**TASK OBJECTIVE**
Your task is to transcribe all of the data below exactly, omitting the images.

**EXERCISE DATA**
++++++++++++++++++++
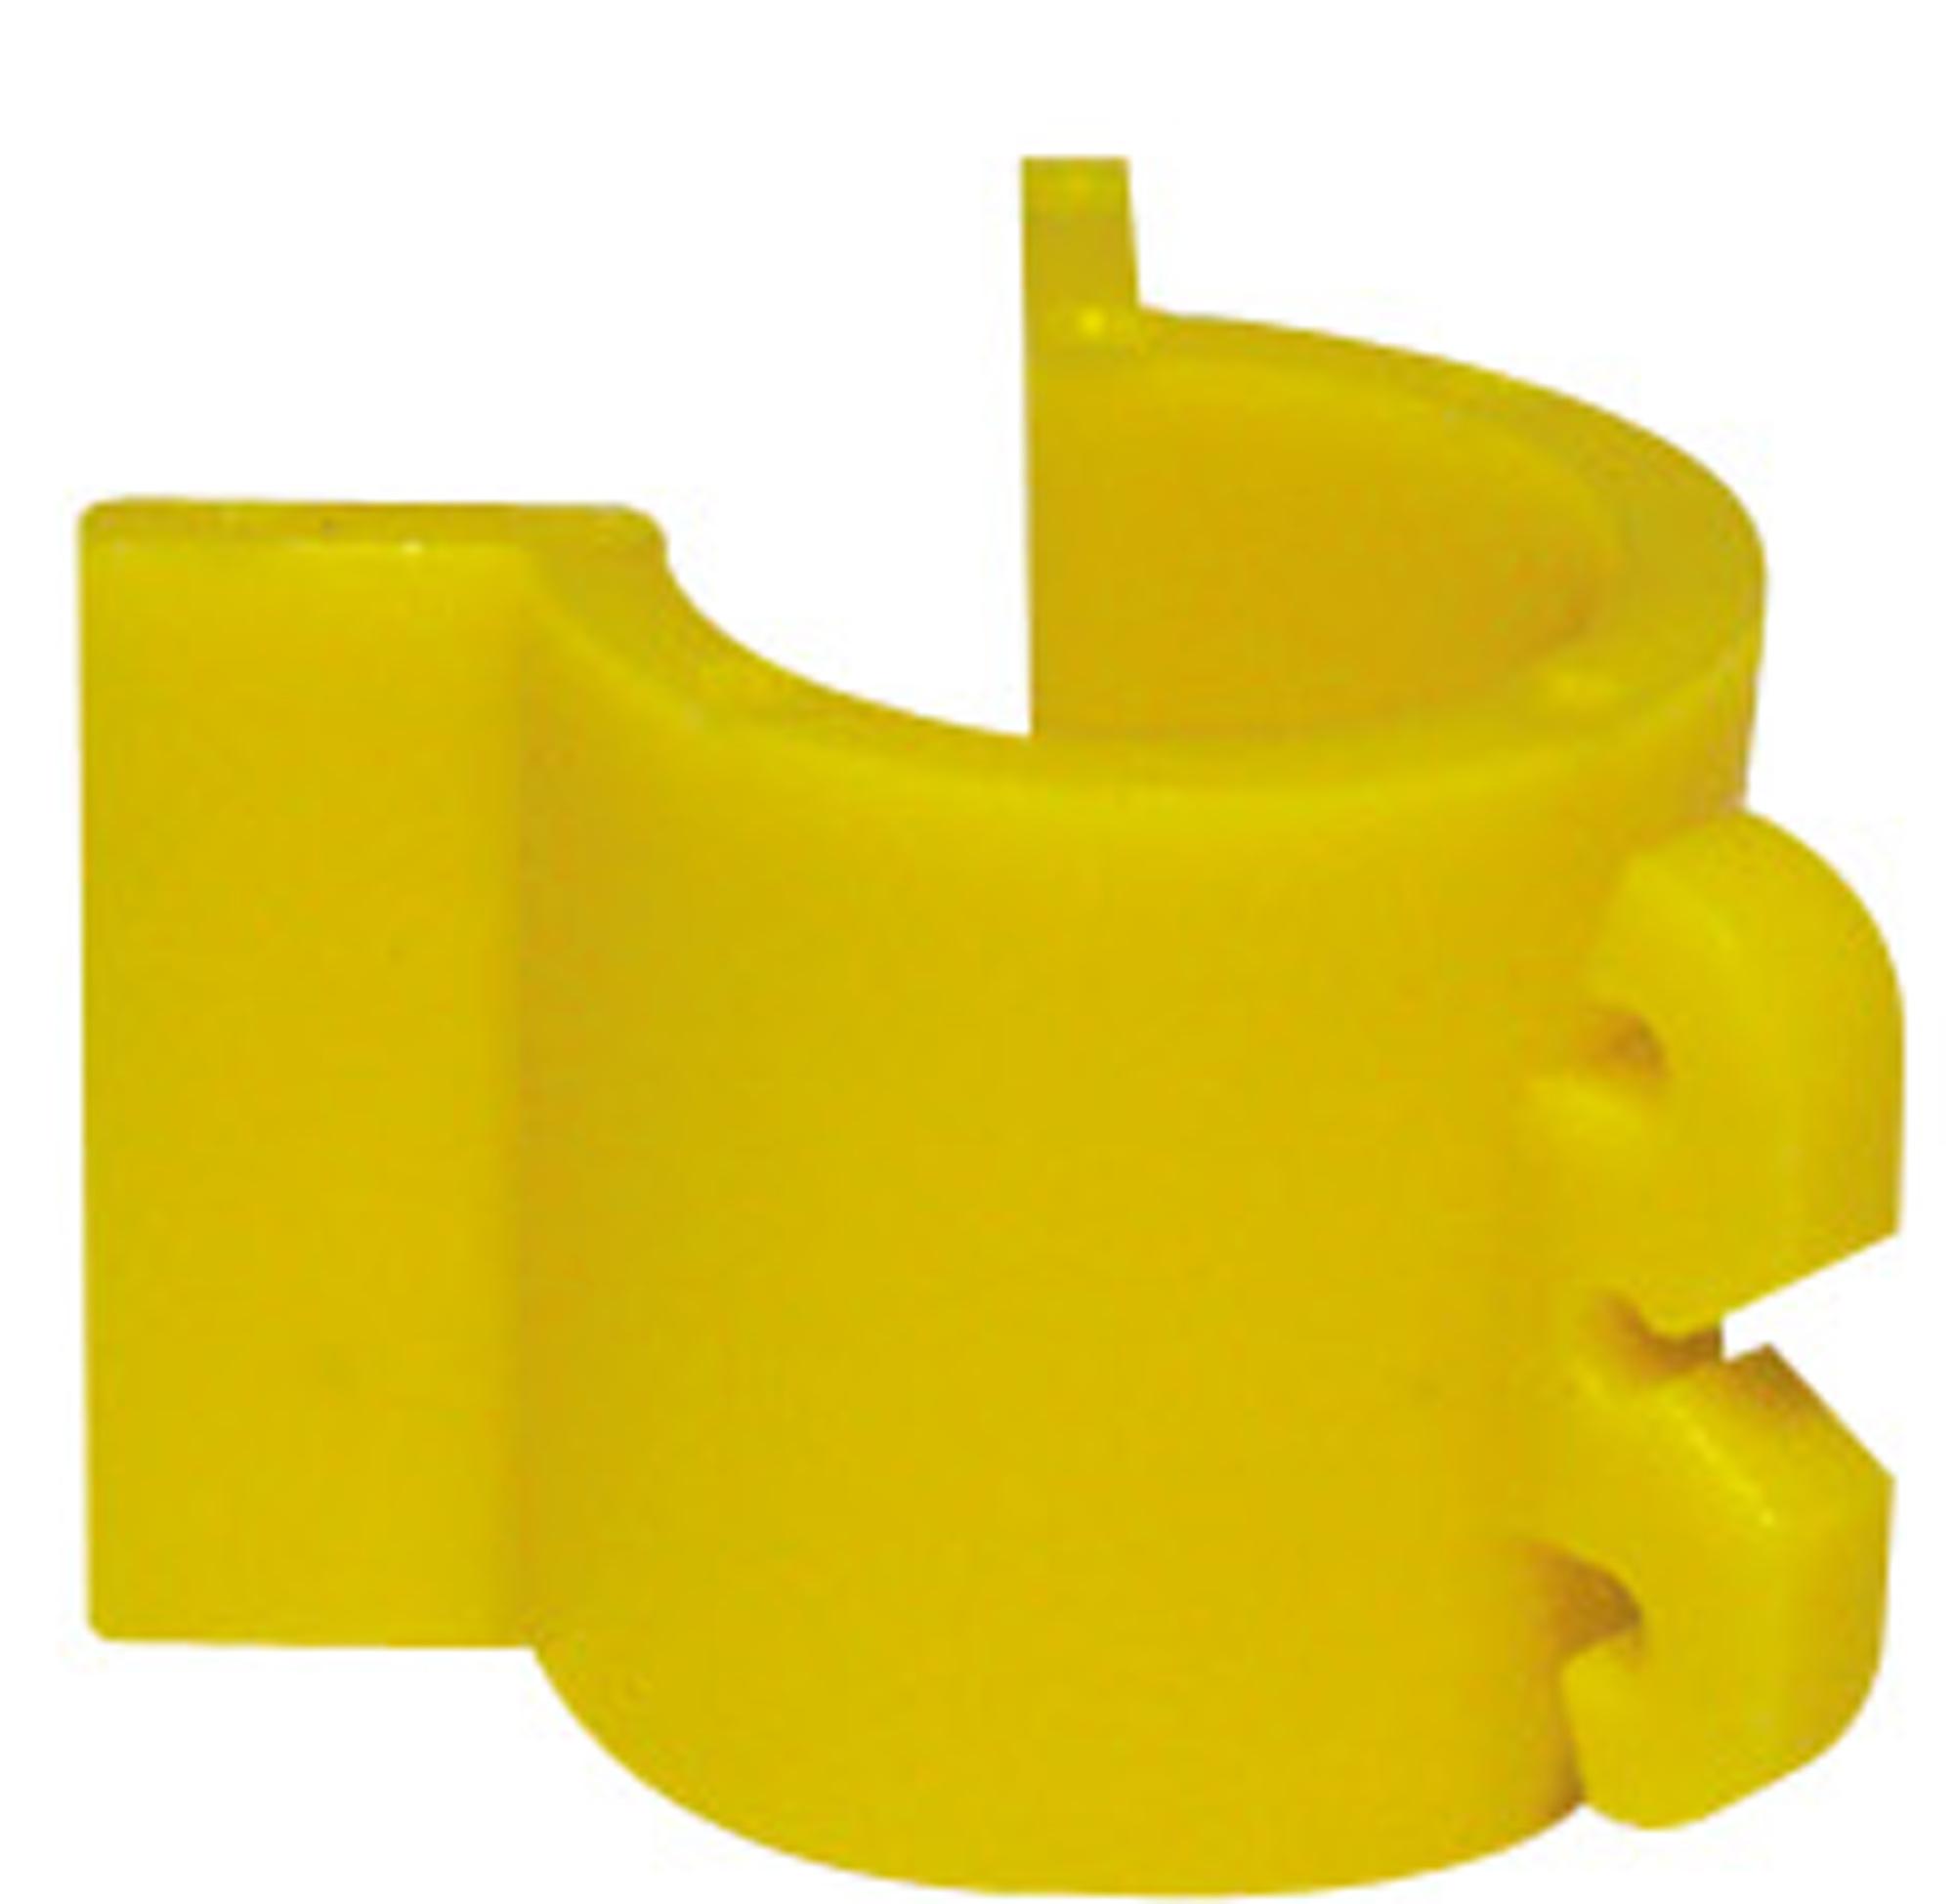 Schake Richtschnurhalter aus Kunststoff
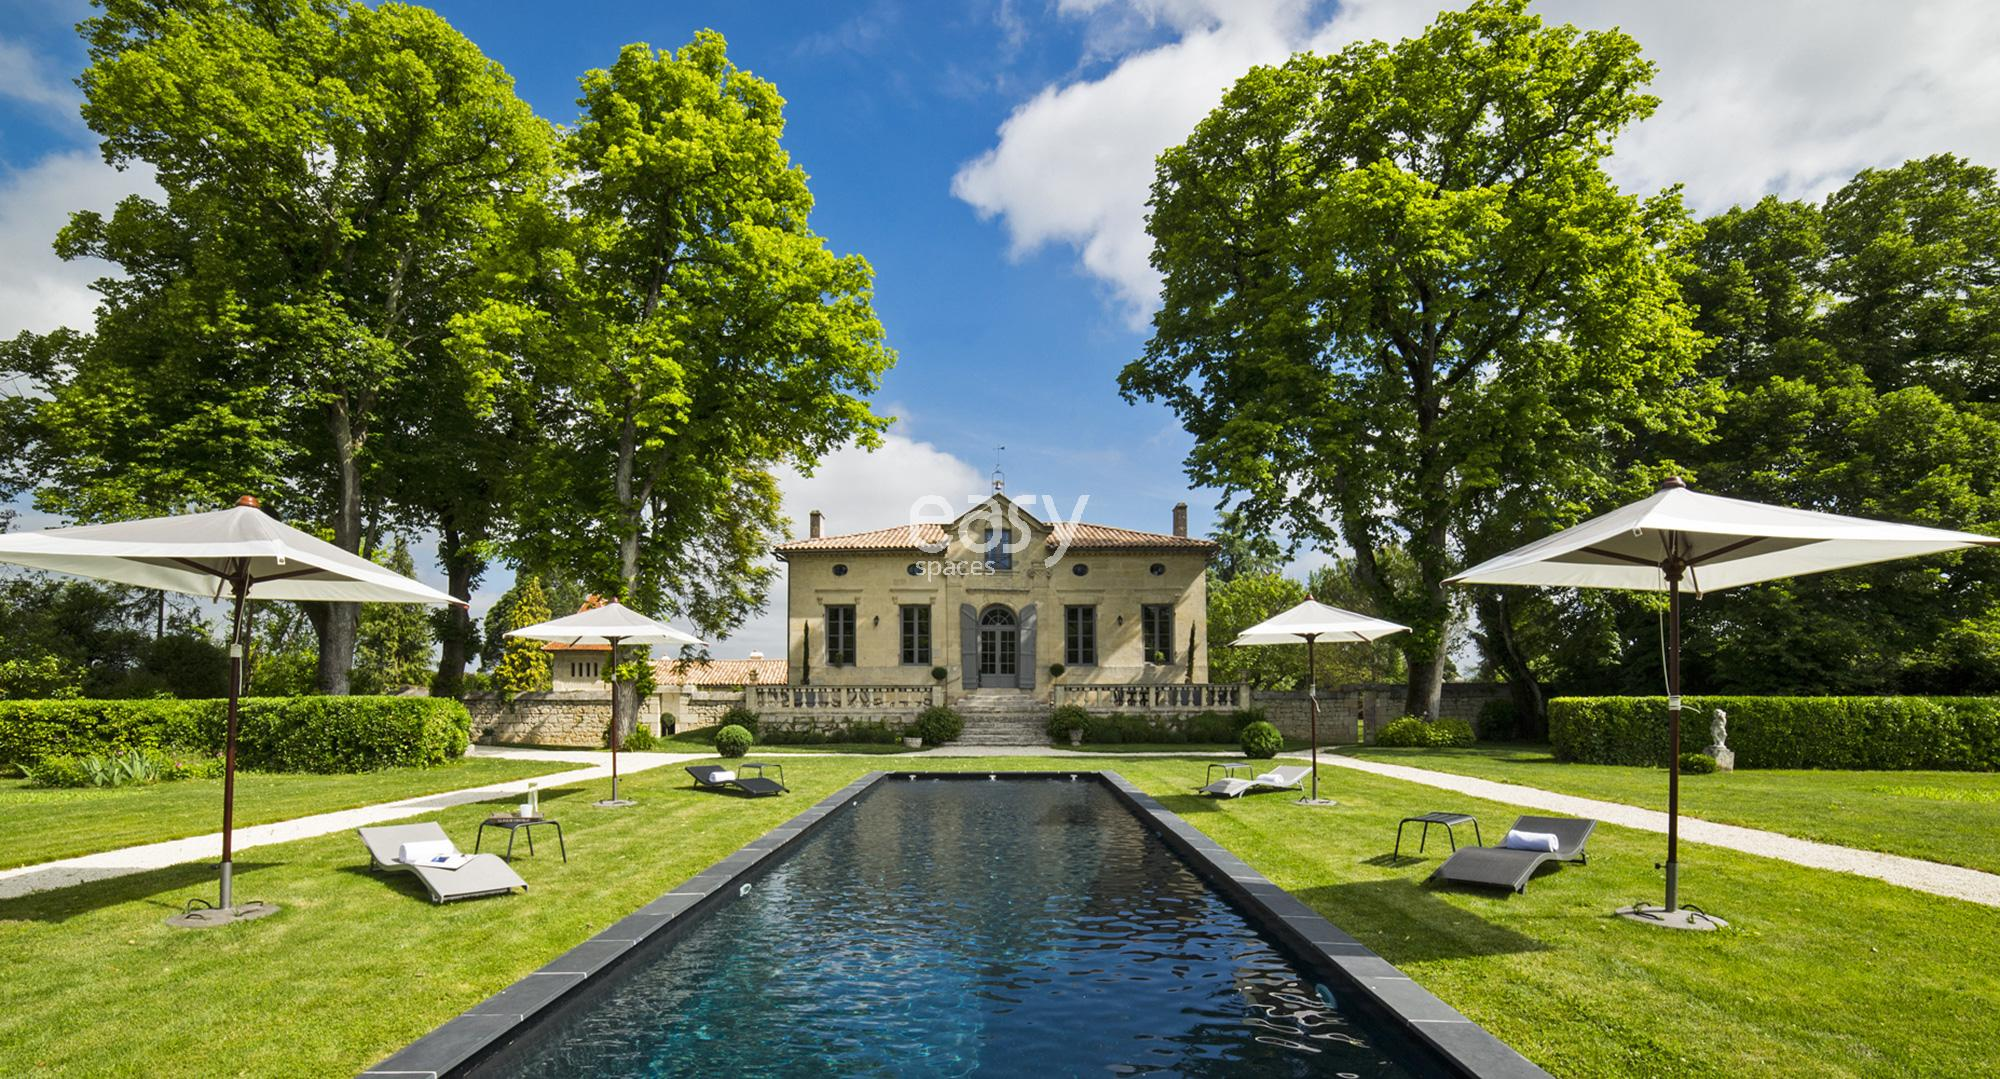 location lieux de tournage Bordeaux sud ouest france
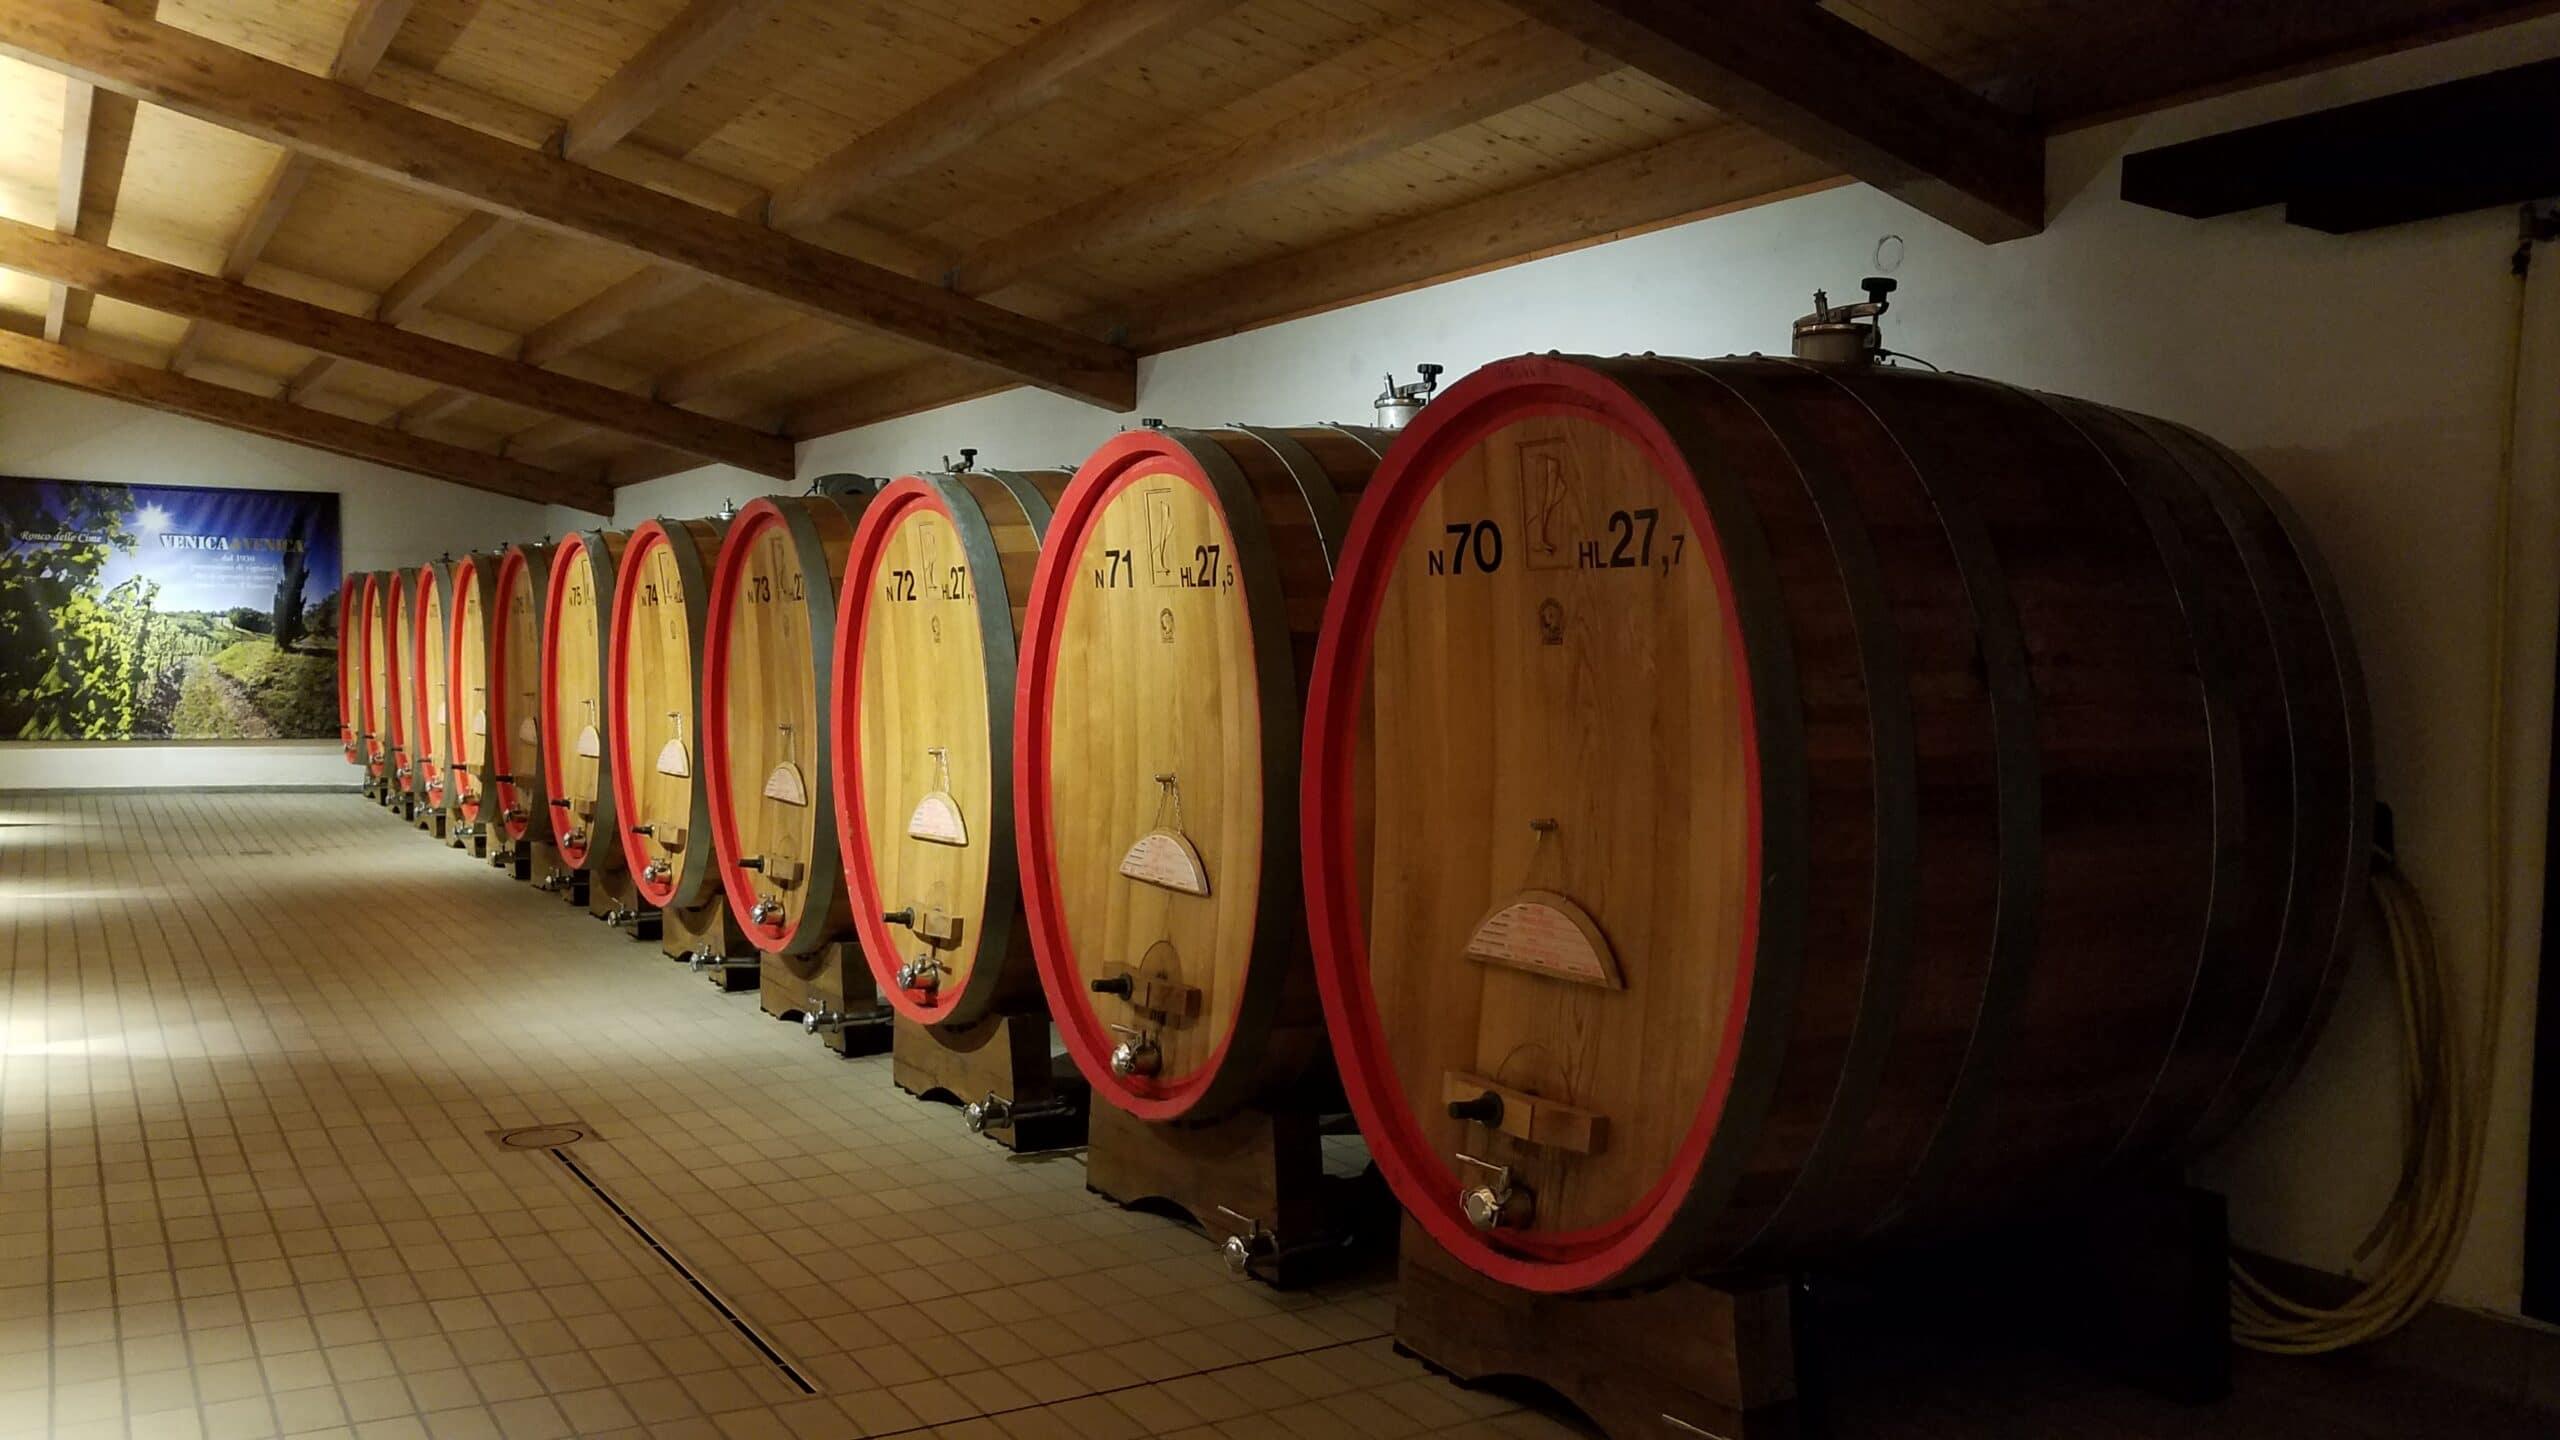 Collio wine region in Friuli
++++++++++++++++++++
**FINISHED TASK**
 Schake Richtschnurhalter aus Kunststoff
 location lieux de tournage Bordeaux sud ouest france
 Collio wine region in Friuli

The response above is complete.